Dataset excerpt:
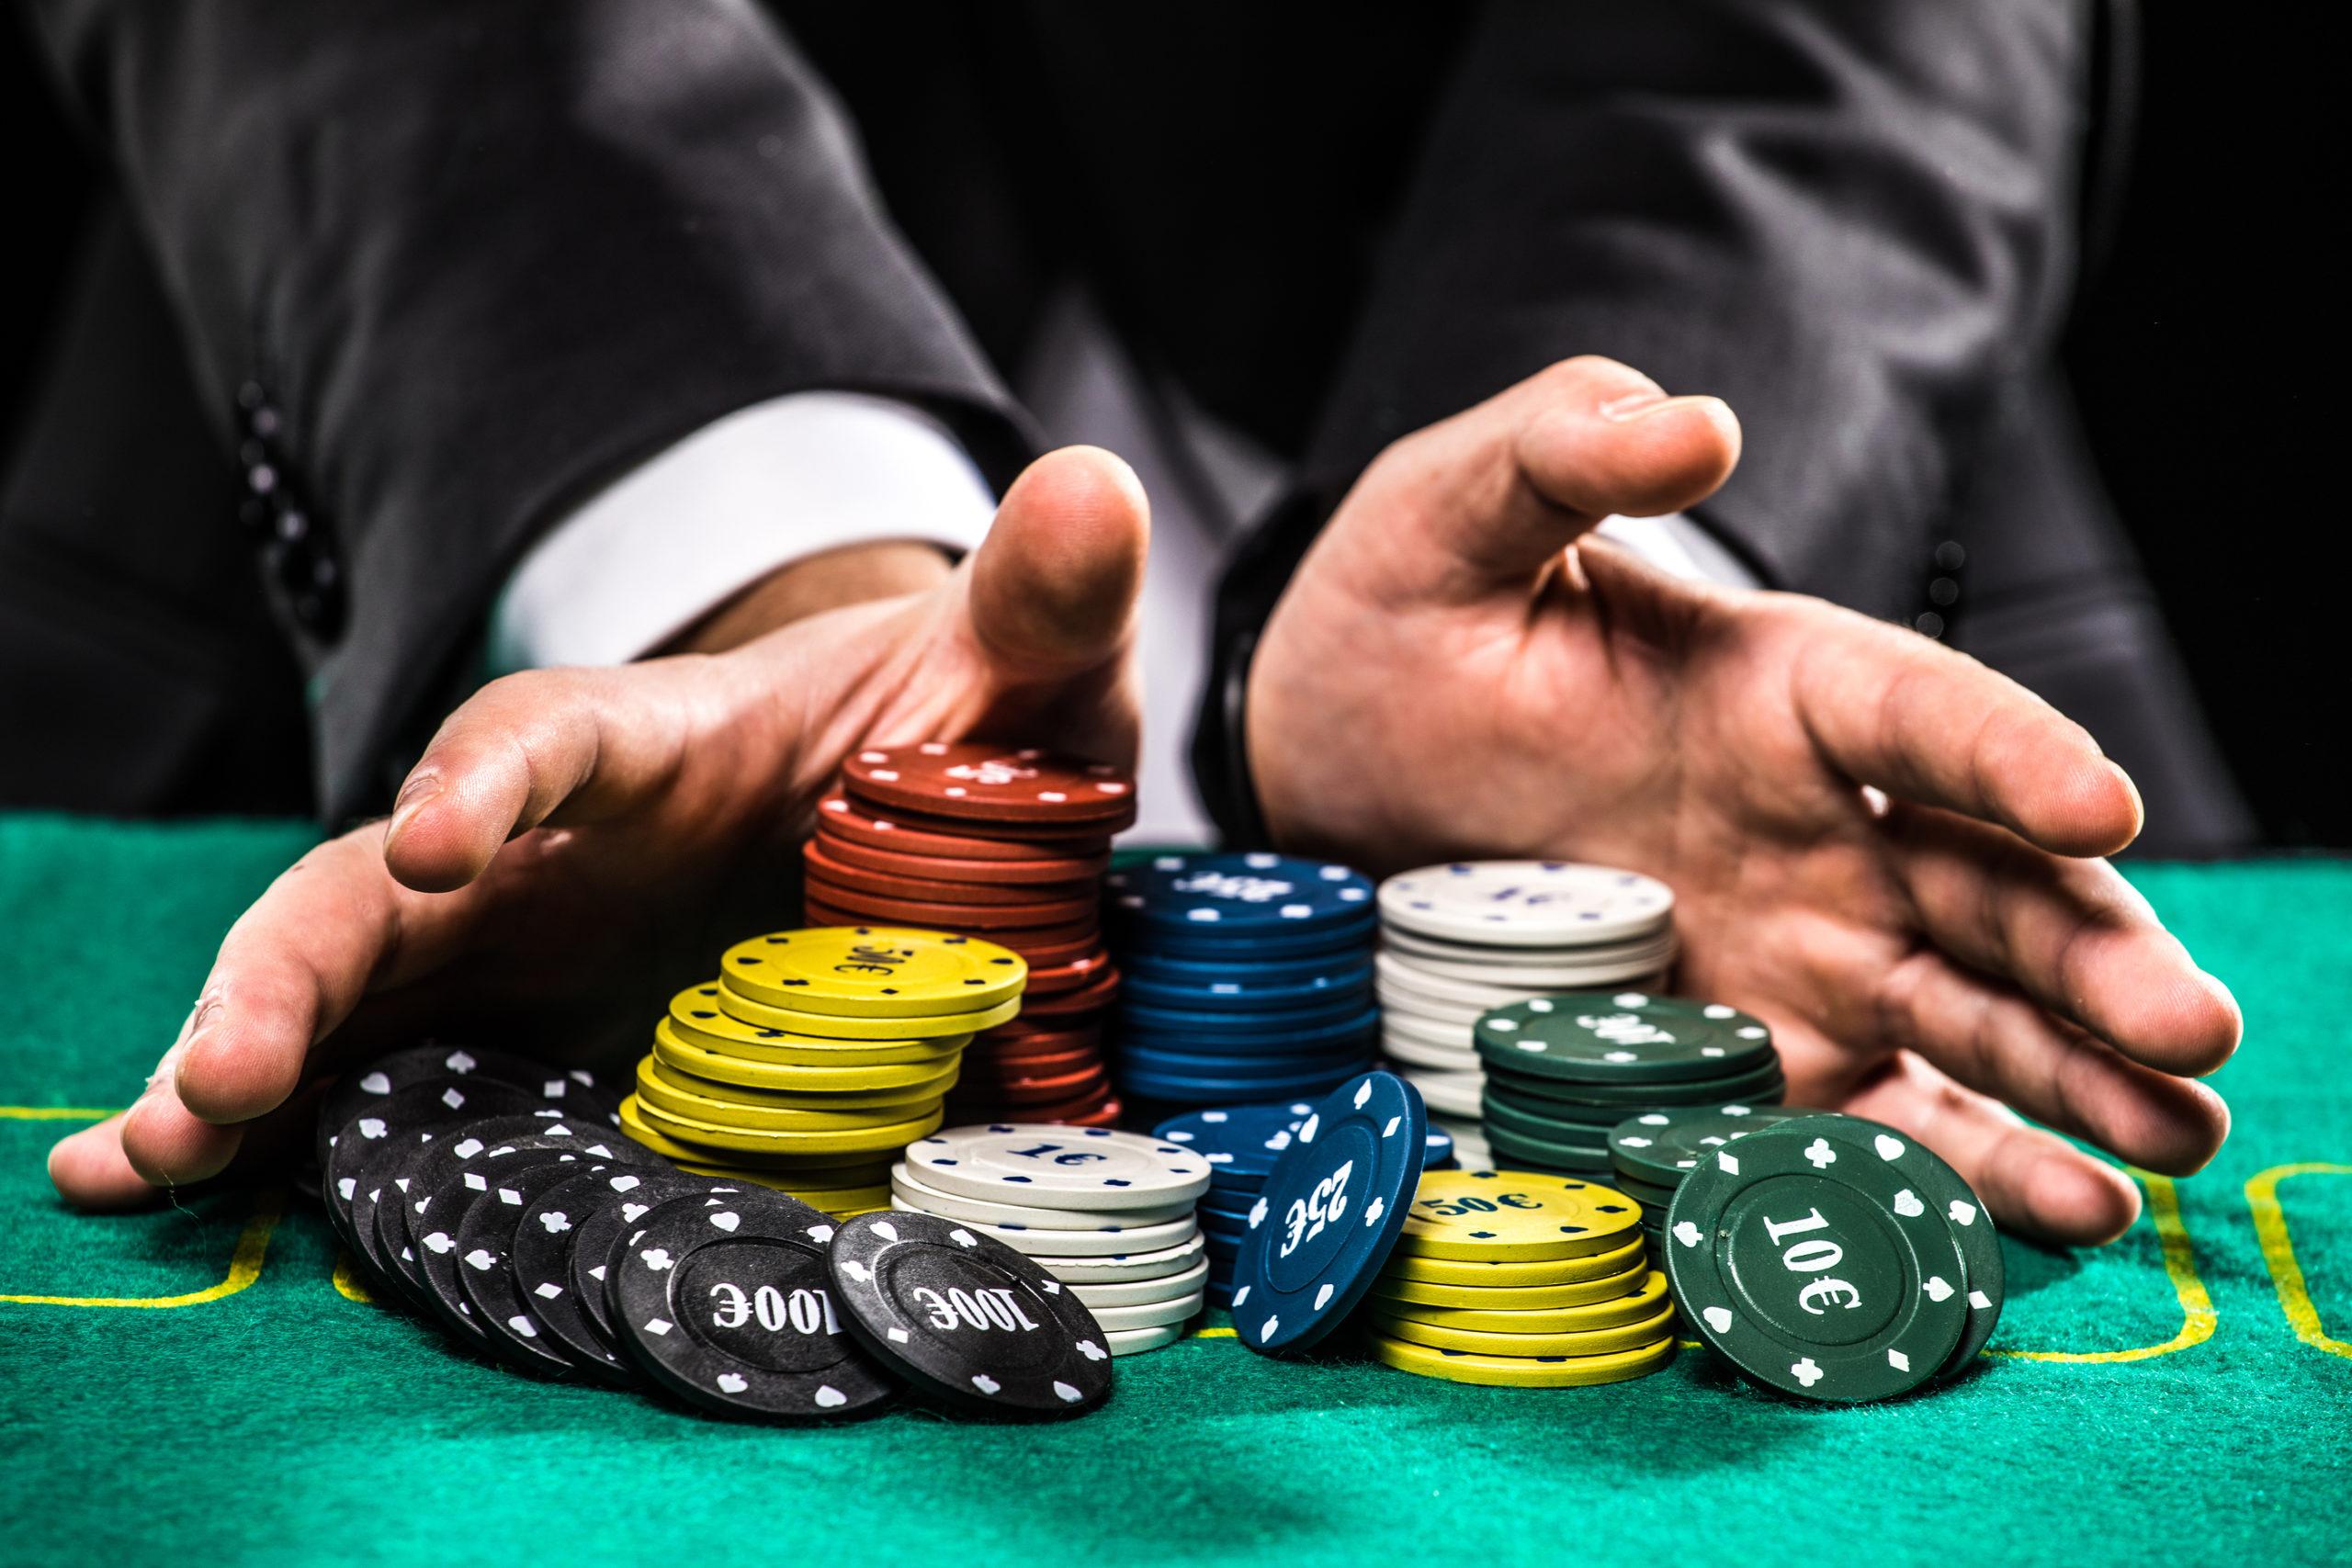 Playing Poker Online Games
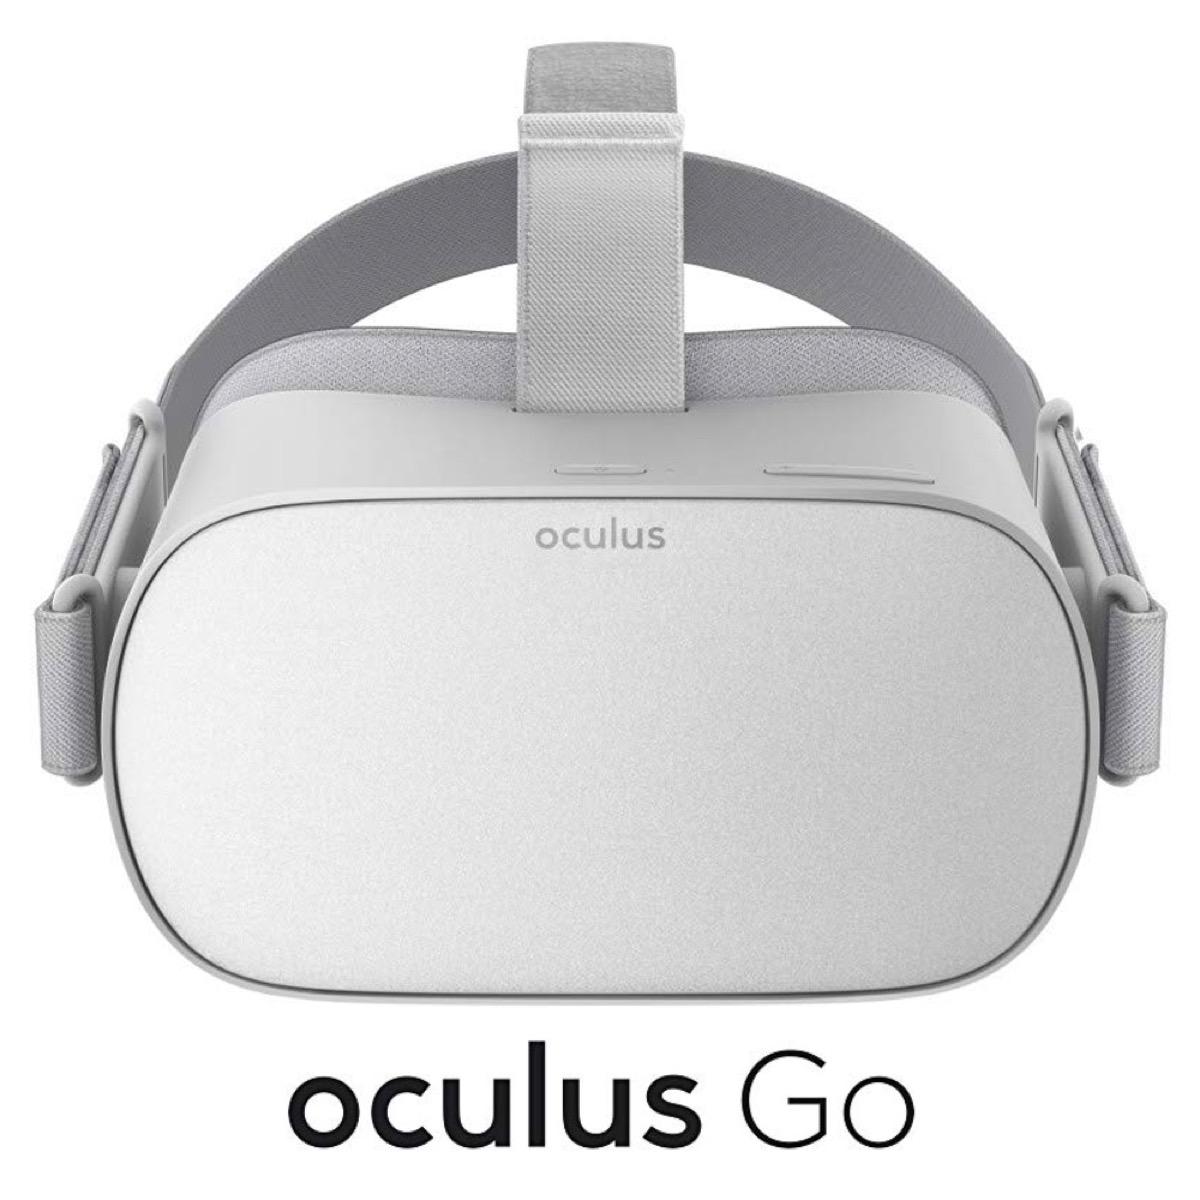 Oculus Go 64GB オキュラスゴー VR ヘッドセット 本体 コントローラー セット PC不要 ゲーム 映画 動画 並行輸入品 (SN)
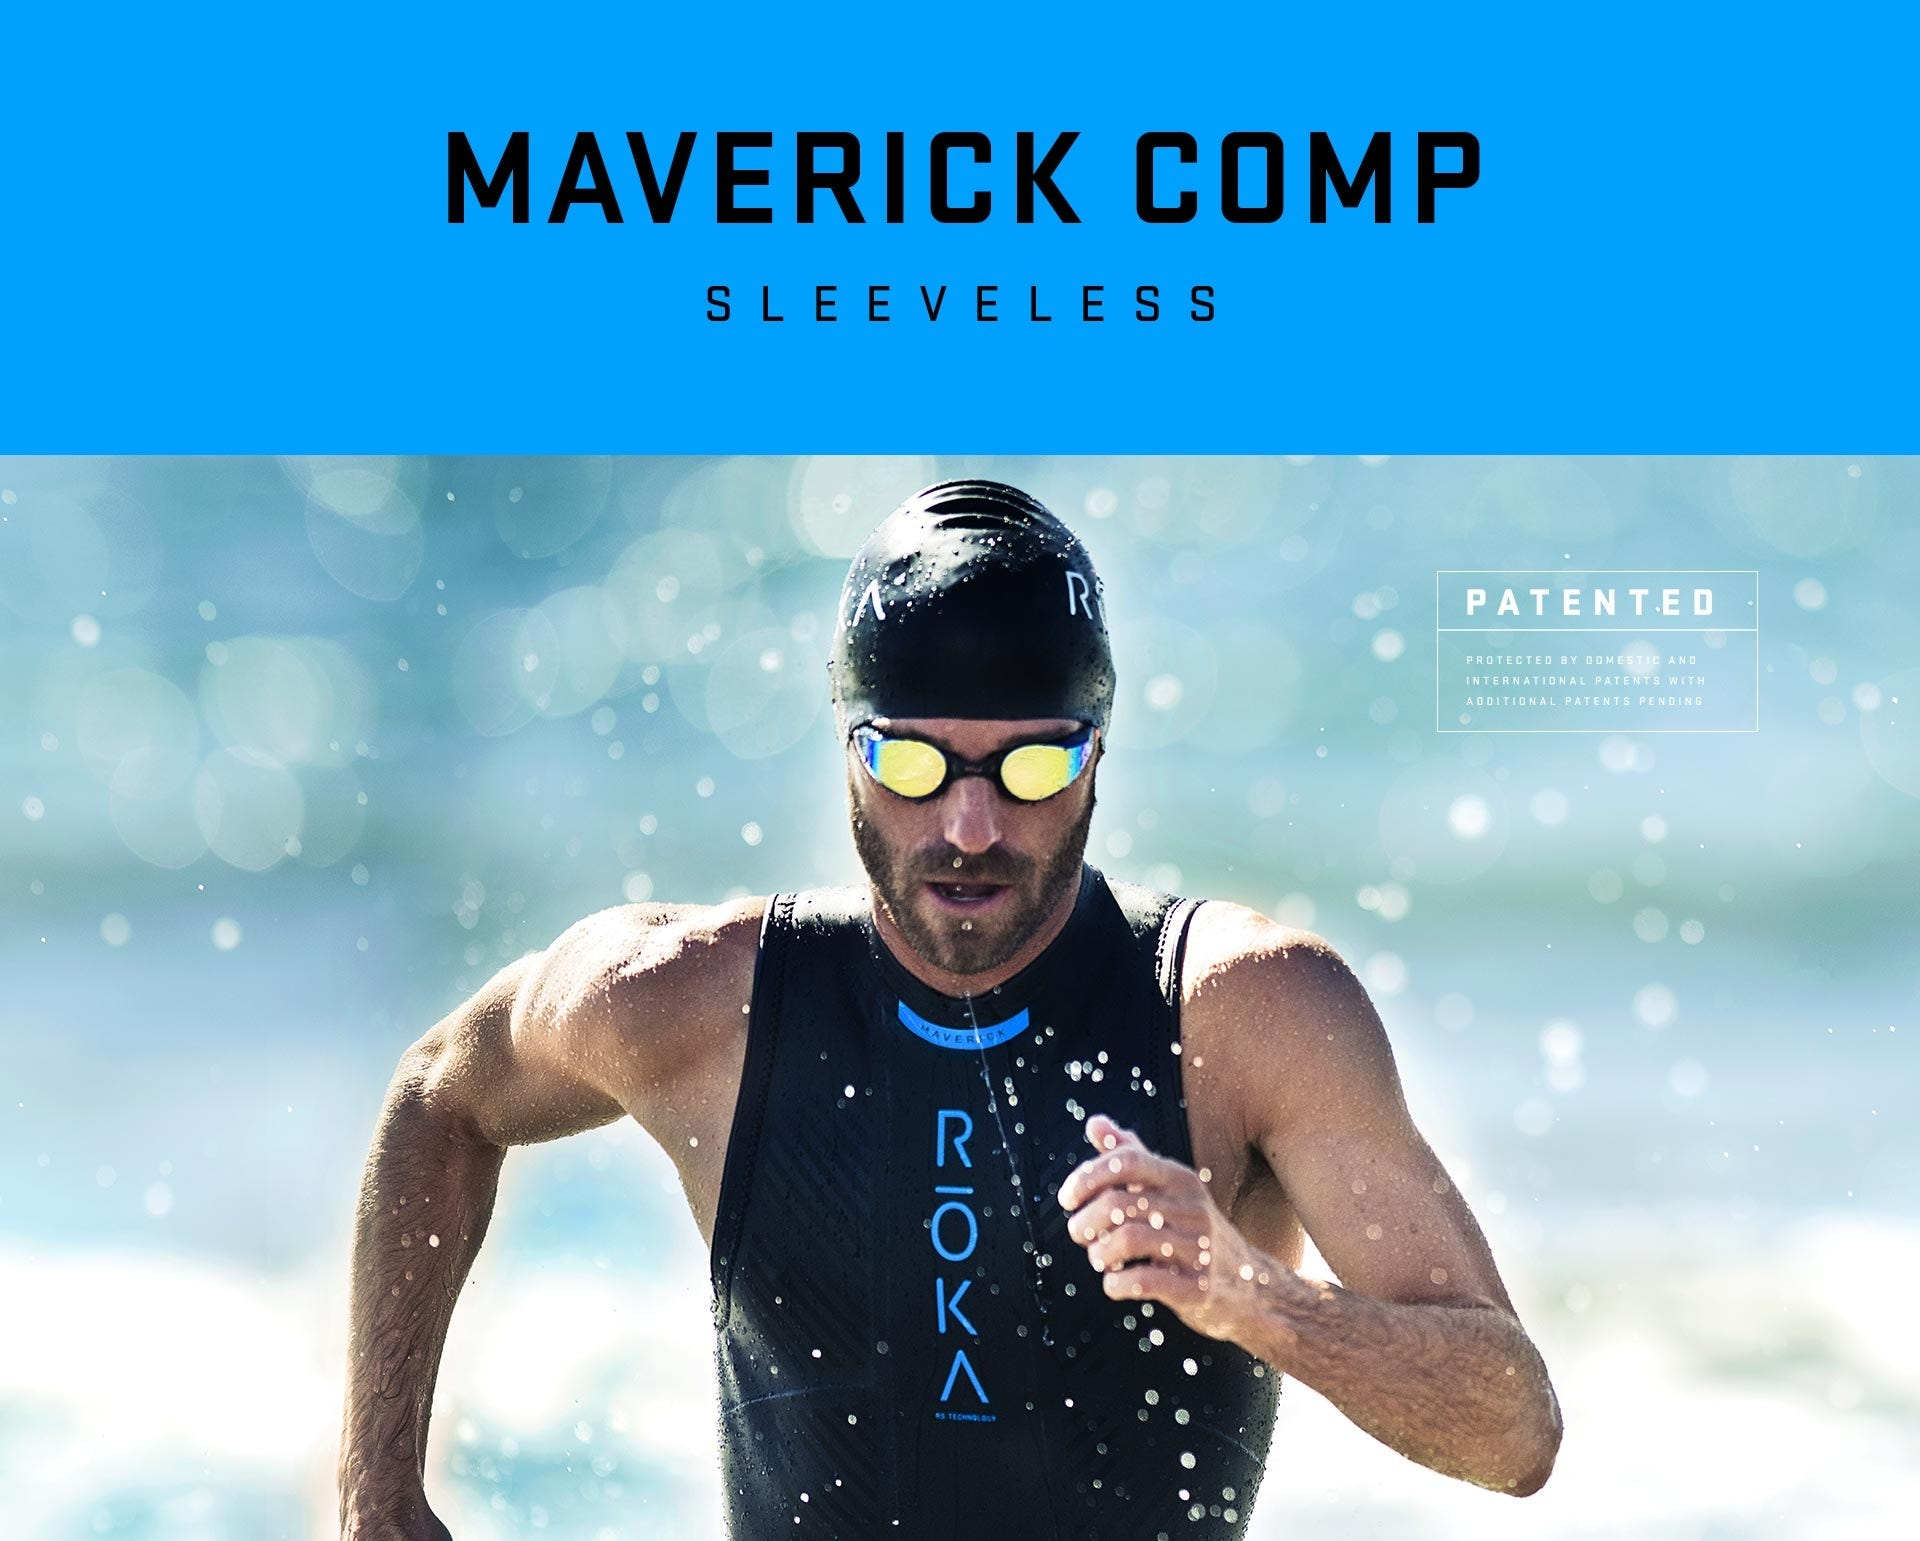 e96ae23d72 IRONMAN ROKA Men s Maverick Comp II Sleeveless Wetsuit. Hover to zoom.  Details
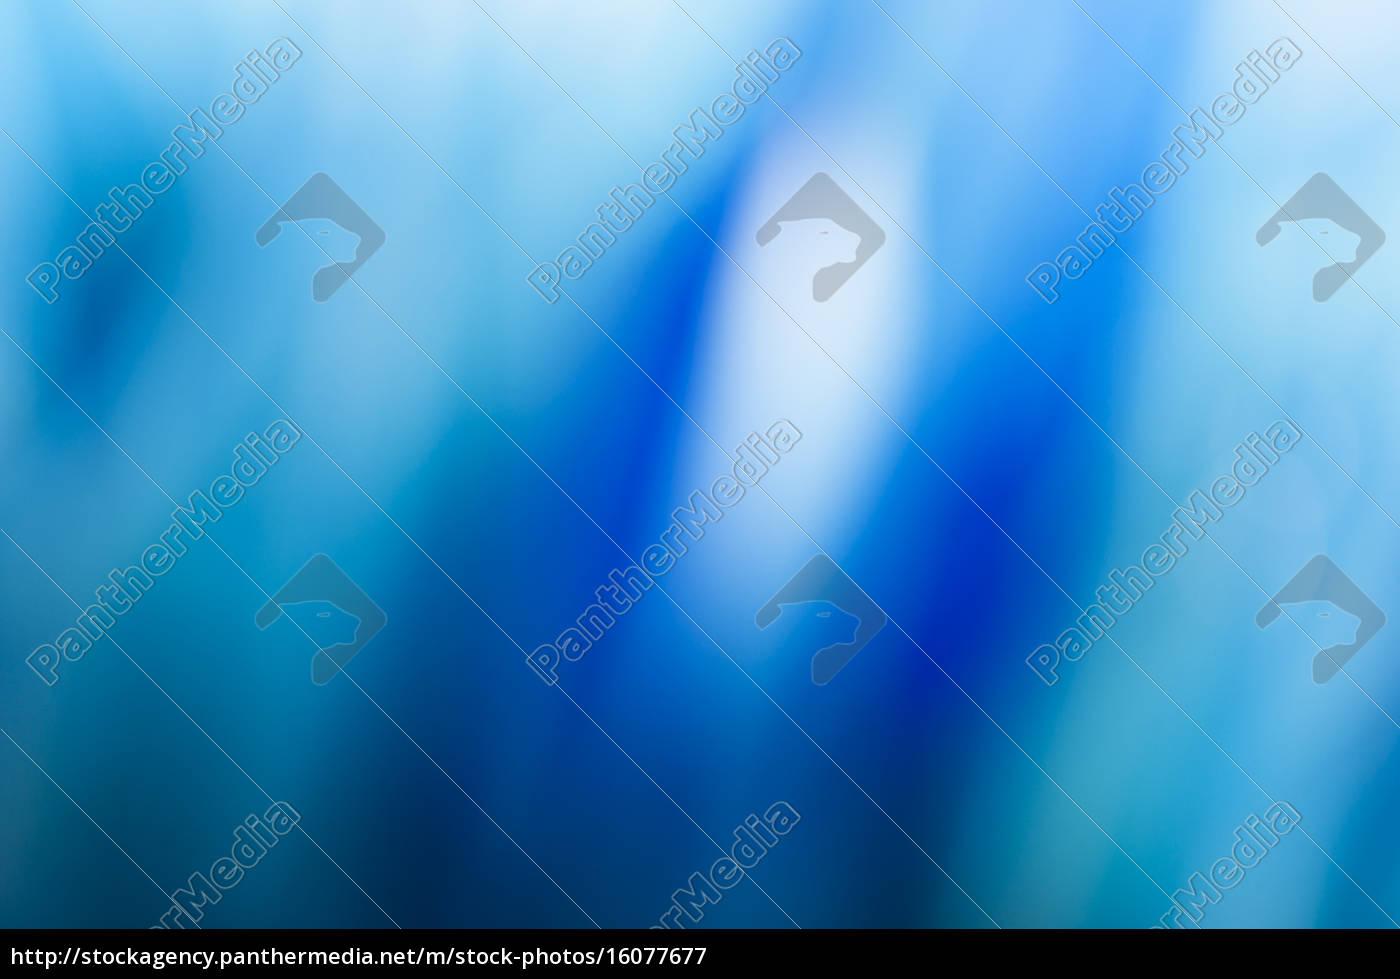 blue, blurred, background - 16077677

Activity:
The pictures stay out; copy the rest of the data word for word.

Expected answer:
 Playing Poker Online Games
 Oculus Go 64GB オキュラスゴー VR ヘッドセット 本体 コントローラー セット PC不要 ゲーム 映画 動画 並行輸入品 (SN)
 e96ae23d72 IRONMAN ROKA Men s Maverick Comp II Sleeveless Wetsuit. Hover to zoom.  Details
 blue, blurred, background - 16077677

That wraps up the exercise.